Benatar argues that although limited meaning is attainable, life has no meaning from a cosmic perspective, and our lives do not possess the cosmic significance we seek. He argues that since humans have no purpose for being created and there is no cosmic purpose in the lives of individual humans, human life has no meaning sub specie aeternitatis. Nihilism about cosmic meaning is the bad news. Furthermore, human life is bad because the quality of life is poor, and death is also bad because it annihilates the individual. He argues that most people's subjective assessments of their quality of life are unreliable due to psychological phenomena such as optimism bias, adaptation, and comparison with others.
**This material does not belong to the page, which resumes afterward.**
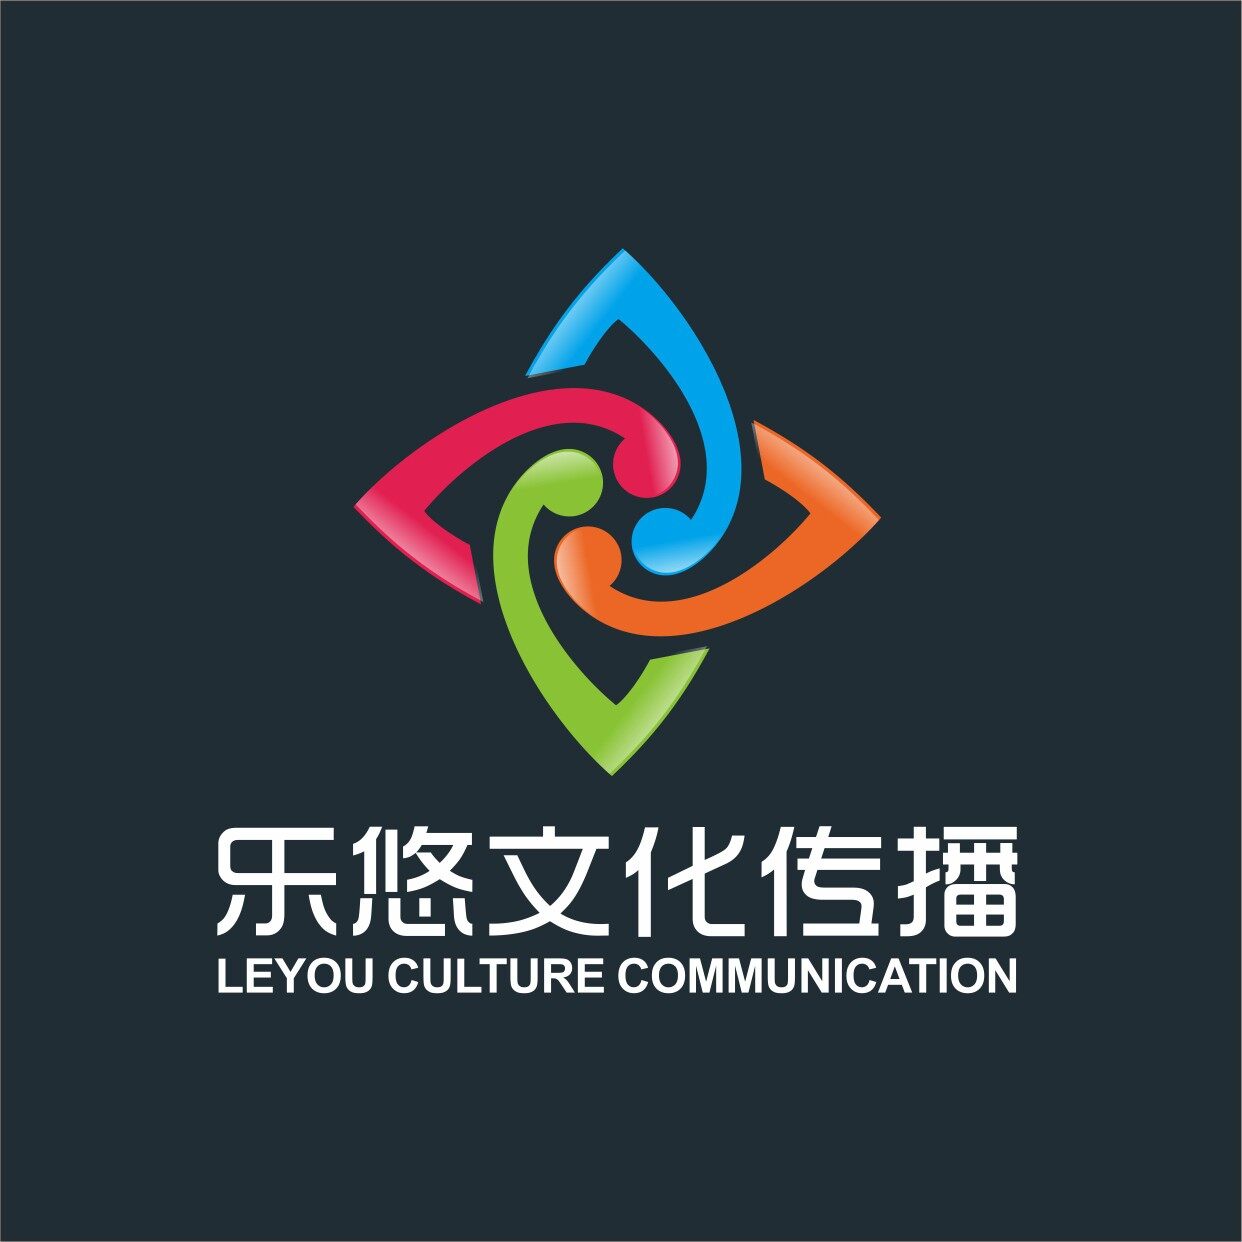 东莞市乐悠文化传播有限公司logo

According to him, human life is actually full of bad things, and regardless of which theory of well-being one chooses, even the best quality of life is very poor due to empirical asymmetry.
I object to Benetar's argument that life has no meaning from a cosmic perspective. Because, even when interpreted charitably, his argument is invalid, inconsistent, unclear, has odd implications, and is counterintuitive. I argue that evaluating life from a cosmic perspective is irrational. I also contend that there is no evidence that humans desire cosmic meaning, and that the meaning of life does not depend on meaning sub specie aeternitatis.
Furthermore, I argue that the three psychological phenomena Benatar mentions do not threaten the reliability of quality of life assessments, and there is no empirical evidence to support his claims. Instead, I provide evidence that subjective assessments of quality of life can be trusted. Additionally, I argue that the claim that life is full of bad things is exaggerated and based on inappropriate evaluation standards. And I argue that empirical asymmetries cannot support the conclusion that human life is actually bad. My conclusion is that Benatar's attempt to explain cosmic insignificance and his claim that life is actually bad both fail. In other words, humans are not in a tragic predicament as Benatar suggests.